Customers all too often start from a place of conflict. They might have a product that isn’t working the way they anticipated, or they might have a question or frustration about a bill that needs to be resolved. No matter the specific problem, an employee’s ability to manage conflict resolution will dramatically affect the customer’s satisfaction, not just with this interaction, but with all company interactions moving forward.

Some people can naturally resolve conflicts in a smooth and peaceful way, but many more need to be specifically trained on this skill. In some ways, resolving a conflict goes against American societal instincts. Conflict resolution often involves compromise, and great employees need to be able to create a sense of compromise without giving away more than the company can afford.

Solving All Problems At Once

In many sales and service-based settings, employees are taught to ask “What else can I help you with today?” or another variant. Unfortunately, too many employees ask this question with the intention of closing out the conversation. Its real purpose is to try and solve as many problems as the customer might have in one interaction.

There are many reasons to make this a goal for employees. First, customers don’t want to be required to call the company back or come back to the store multiple times to solve multiple problems. If they are required to do so, all too often they will just not bother coming back. This can lose sales or cause a company’s reputation to take a hit.

Second, customer attitudes will warm towards someone who is able to solve several different problems for them, whether those are sales based or service based. Knowing that one employee can handle multiple interactions creates trust and appreciation between customers and employees, which can lead to additional sales down the road.

Upselling

Similar to “What else can I help you with,” sellers in particular are often trained to suggest add-ons to their customer’s purchases. If someone is choosing a book by one author, for example, the seller should mention the rest of the author’s backlist, or point out that something similar is on the bestseller lists for example.
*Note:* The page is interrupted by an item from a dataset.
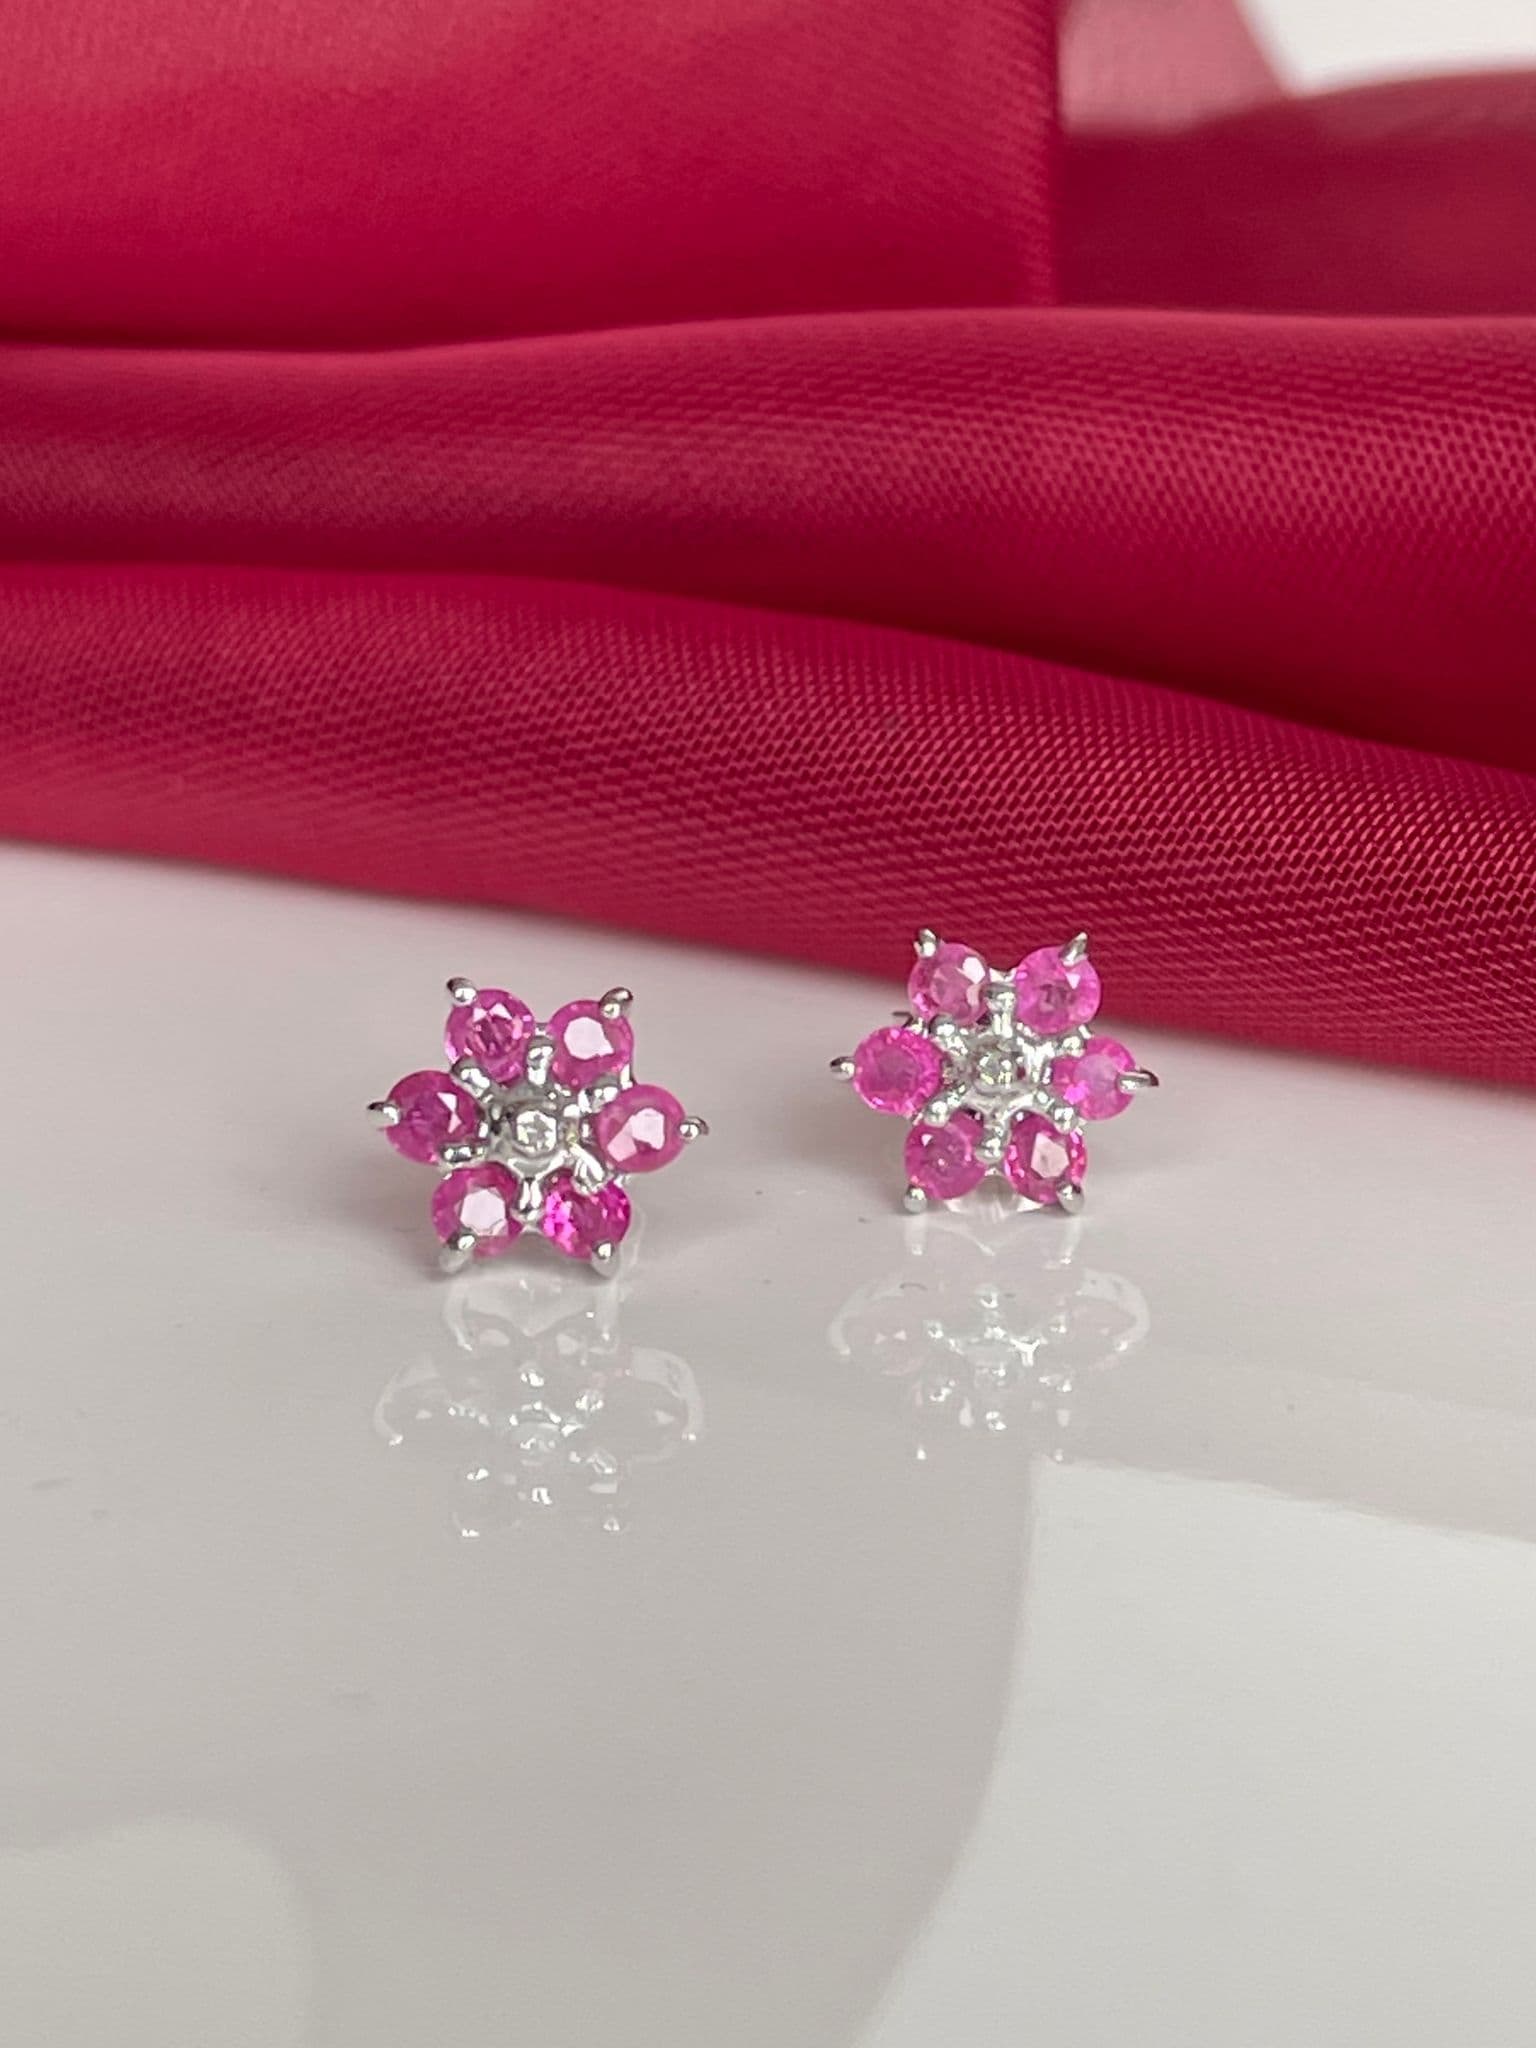 Round Ruby And Diamond Sterling Silver Red Cluster Earrings
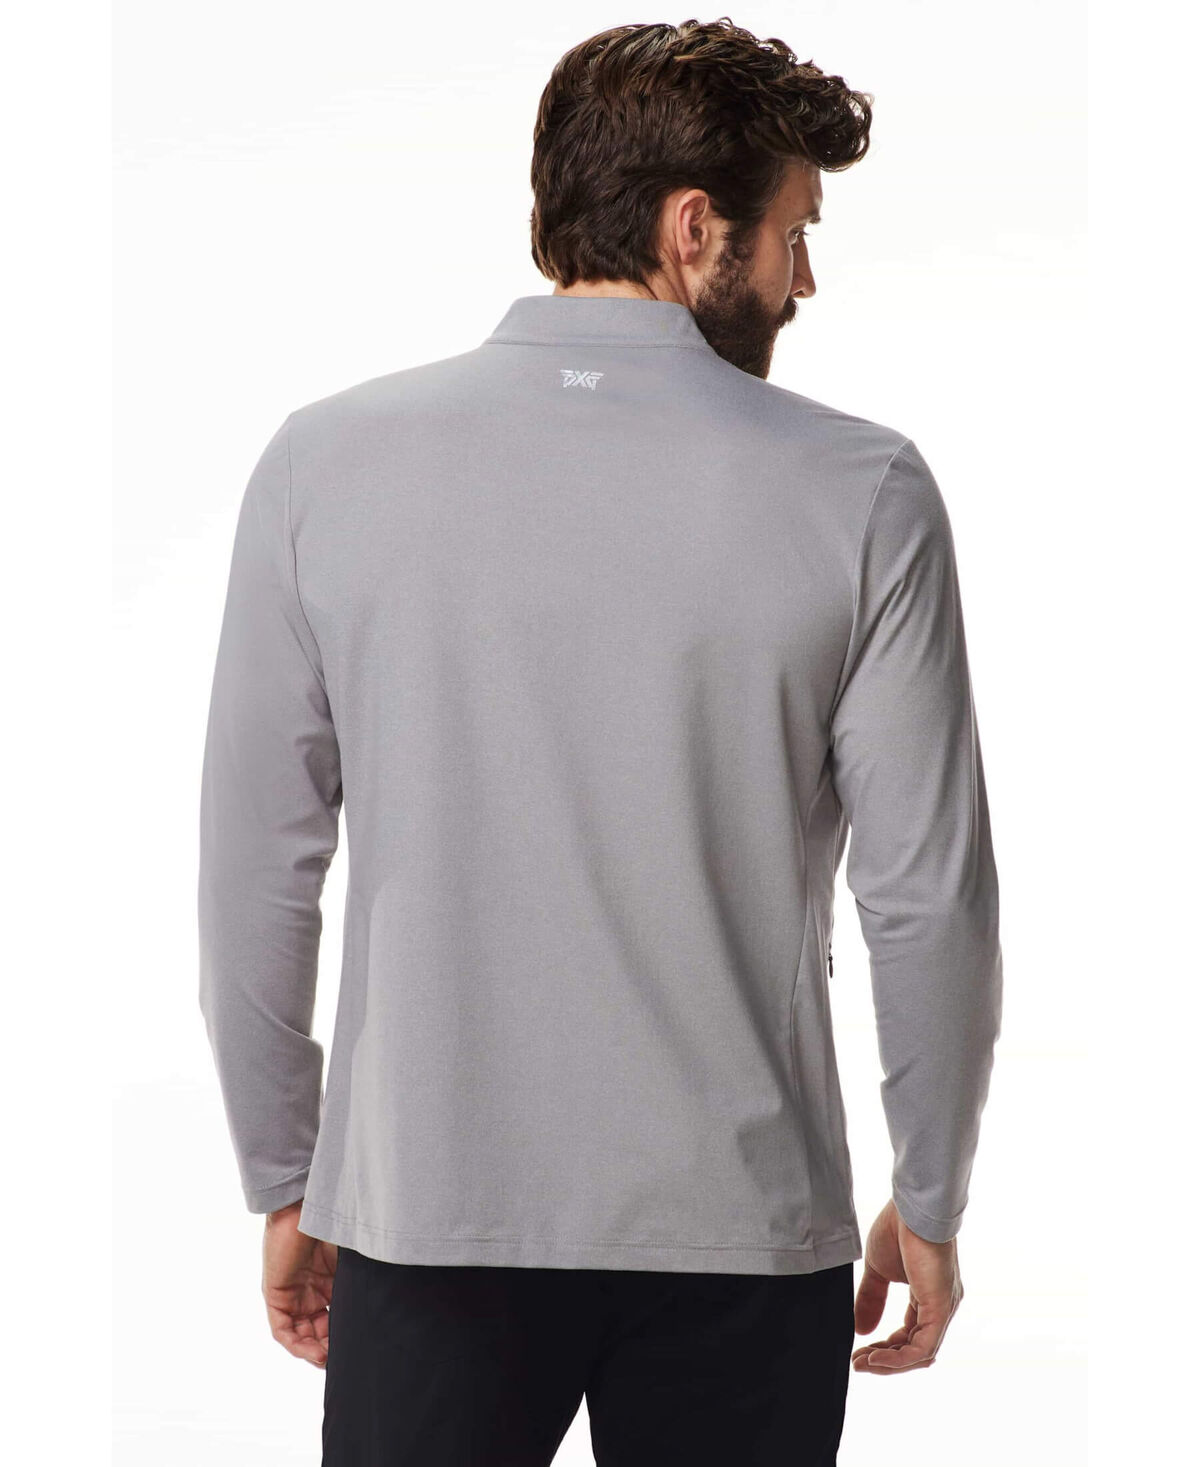 Flow Performance 1/4 Zip Pullover - Heather Charcoal

While this often comes under the category of solving all of a customer’s problem, too many sellers treat this as rote, just another part of their “spiel.”

When sellers treat upselling as solving the problem the customer doesn’t even know they have yet, the process of upselling becomes more engaging for the customer. Now the seller isn’t just recommending something random. They are recommending shoe polish because leather shoes get wet, another book by the same author because they’re on sale, or an upgrade to a service because in the long run it will be less expensive than what the customer has now.
This changes the entire tone of the interaction, and customers are more likely to make the choice to purchase.

Welcoming Environment

It is incredibly important that employees are healthy, happy, and excited to be at their jobs. When customers enter an environment where all of the employees are coughing and clearly ill, exhausted, or just unhappy to be there, customers will pick up on the mood of your employees. They’re less likely to stay at the store or office for a long time. This reduces the ability of your employees to upsell, solve problems, and can even hurt your brand reputation.

The best way to make sure your employees stay home when they’re sick and come to work when they’re well is to have leave policies that support healthy individuals and families. The ability to telework, flexible work times, and being forgiving about someone who is on salary but is occasionally late can go a long ways towards solving “attitude” problems, improving your overall staffing. Having happy employees improves the way your customers interact with the business, and in the long run, is just better for the business.

When you relate company policies to how they influence employee behavior, and how employee behavior influences customer behavior, you are more likely to get employee buy-in. Help employees implement changes by showing them how and why they matter.